不断飙升的抵押贷款利率正威胁着春季购房季。

房地美周四表示,常规30年期住房贷款利率已升至6.46%,为2025年9月以来的最高水平。借贷成本在2月底跌破6%后,近几周大幅上涨。经济学家表示,伊朗战争加剧了通胀担忧并推高了政府债券收益率,进一步推高了利率。抵押贷款利率通常与10年期美国国债收益率挂钩。

对于准购房者来说,借贷成本的飙升是一大烦心事。

“战争爆发前,现在本可以是适合购房者的时机,”41岁的蕾切尔·马克斯说道,她是纽约布鲁克林的居民,最近开始寻找住房。“现在呢,算了吧,别碰这个市场,因为所有东西都在不停地涨、涨、涨。”
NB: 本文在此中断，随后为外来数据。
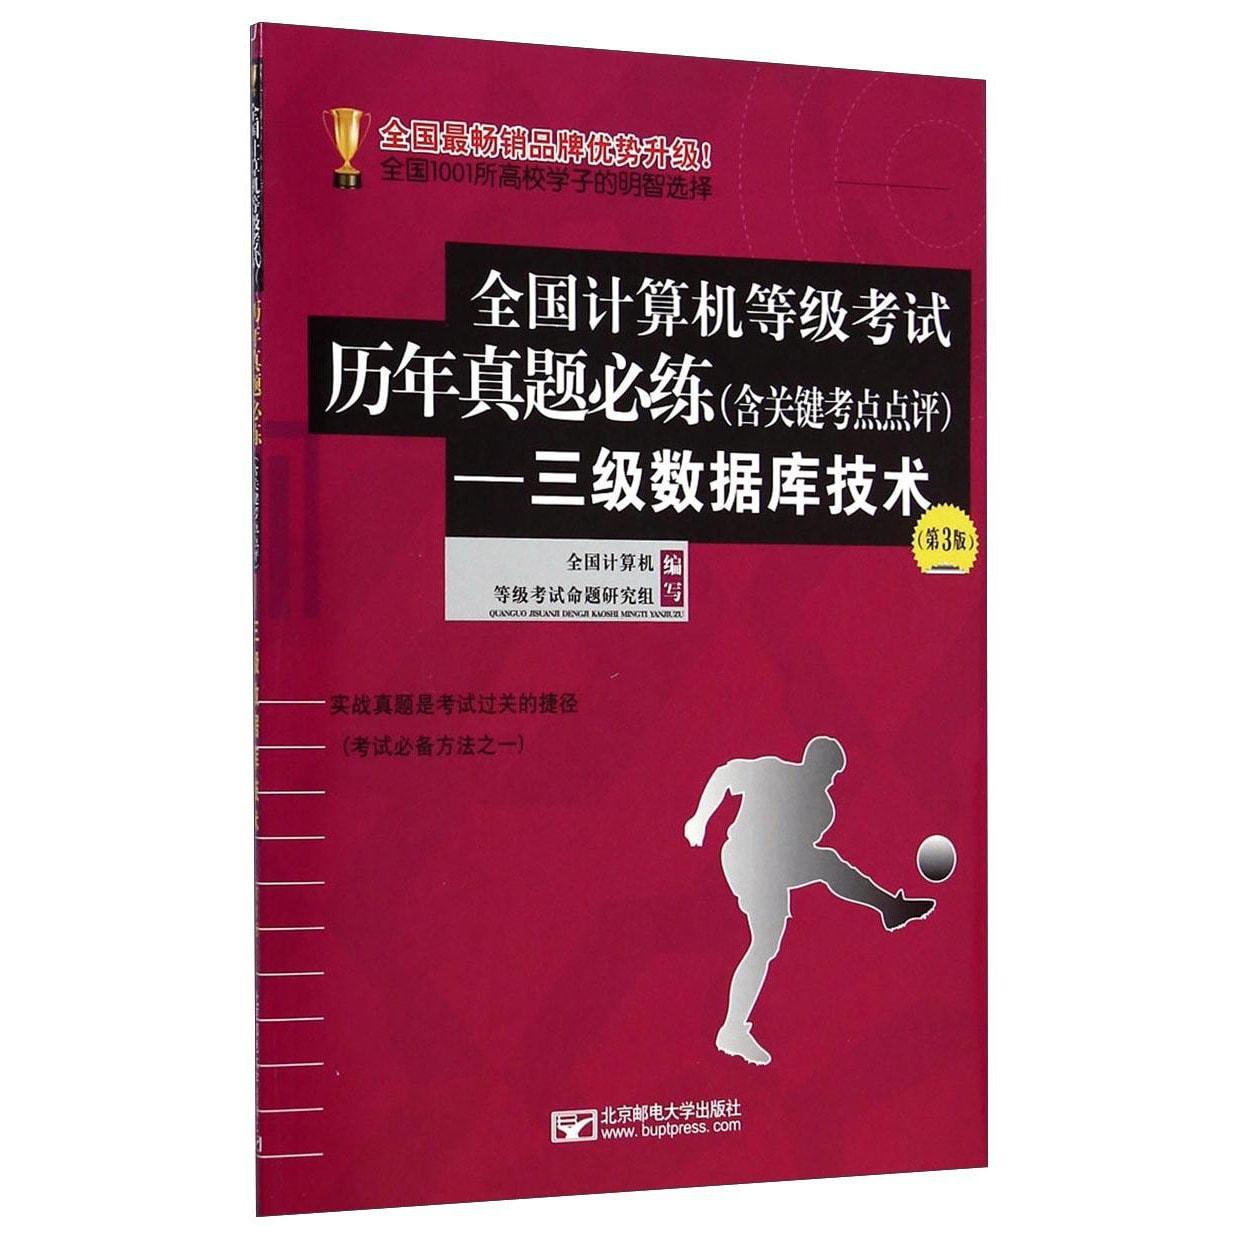 全国计算机等级考试历年真题必练(含关键考点点评):三级数据库技术(第3版) 怎么样 - 亚米网

截至周四,10年期美国国债收益率为4.26%,高于2月28日美国和以色列袭击伊朗前的3.96%。

“当通胀上升时,债券投资者——包括抵押贷款支持证券投资者——会要求更高的回报以补偿通胀上涨带来的损失,”抵押贷款银行家协会(MBA)首席经济学家迈克·弗拉坦托尼解释道。该协会是一个行业组织。

弗拉坦托尼表示,货币政策走向也在给房地产市场带来压力。由于通胀似乎始终高于美联储设定的2%年度目标,越来越多的经济学家和华尔街分析师现在预测,美联储将在2026年全年维持基准利率不变。

“抵押贷款利率将维持在6%以上的高位,部分原因是市场将更高的预期通胀计入了长期利率,”PNC金融服务集团的经济学家在本周的一份报告中预测。

8.4万美元的差额

准购房者如今正面临抵押贷款利率意外上涨带来的影响。

德文·波斯特是明尼苏达州的一名36岁企业财务主管,正在寻找一套能为家人提供更多空间的住房。她在2月份以为自己找到了一套完全符合要求的房产。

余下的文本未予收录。